President Obama said a good thing yesterday. He proposed cutting taxes to small business to help spur job creation and economic growth. This is good. Very good. Here's why:
Beyond the theoretical justifications for cutting the capital gains tax, how much wealth would actually be added to the economy if we cut the current capital gains tax rate of (an average of) 15%? I estimate that every dollar of capital gains collected by the government costs the US economy approximately $6.80 in economic wealth. This is how I came up with this estimate.
For every $100 in corporate earnings, a 15% capital gains tax represents $15 that the firm could have either distributed as dividends (for a 0% net growth rate in next period’s earnings), or reinvest in the company to generate future growth (with a growth rate of 20% per year considered healthy). Most experts agree that a reasonable estimate of a sustainable annual growth rate in earnings is somewhere between these two extremes, say 5%.

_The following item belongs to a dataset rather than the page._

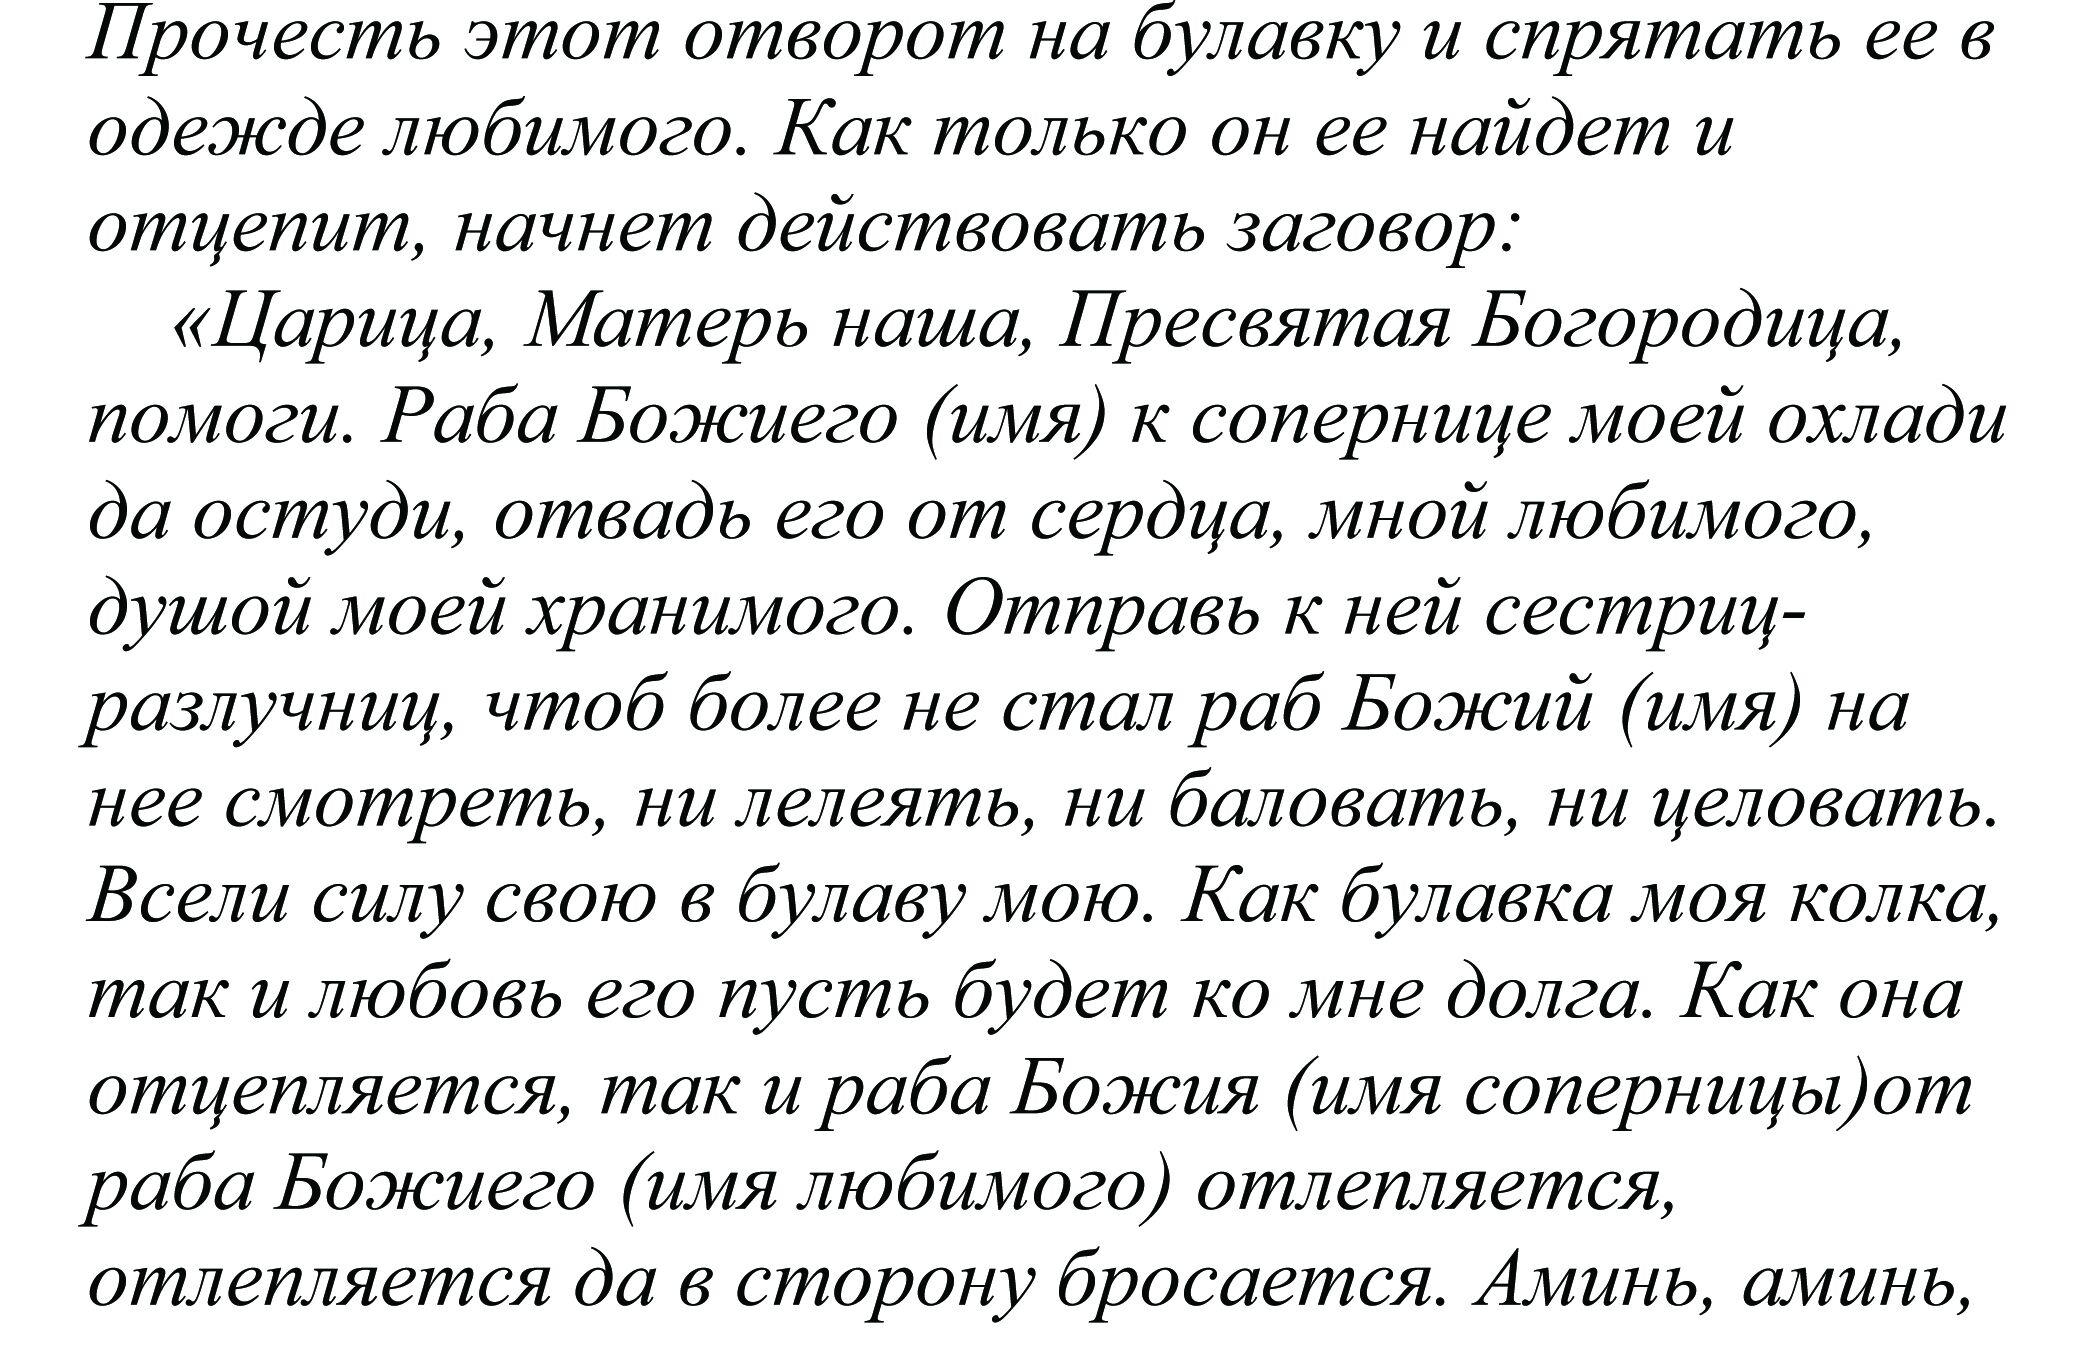 Sopernitsa

I combine this 5% growth rate with a ten-year investment horizon and a discount rate of 12% per year (using the 80-year average rate of return on the S&P 500) and find that the Present Value of the annual savings of $15 in capital gains taxes is $102. So every dollar of Capital Gains protected from taxes produces approximately $6.80 ($102/$15) in new economic wealth for our economy.
This increase in economic value enables economic growth in America, while also creating more jobs for Americans as companies create more revenues to allocate to new hires and higher salaries. Every dollar that is collected by the government in capital gains taxes could have supported an additional job instead. In an economic time when the unemployment rate nears 10%, cutting the capital gains tax and increasing the production value of our economy is critically important.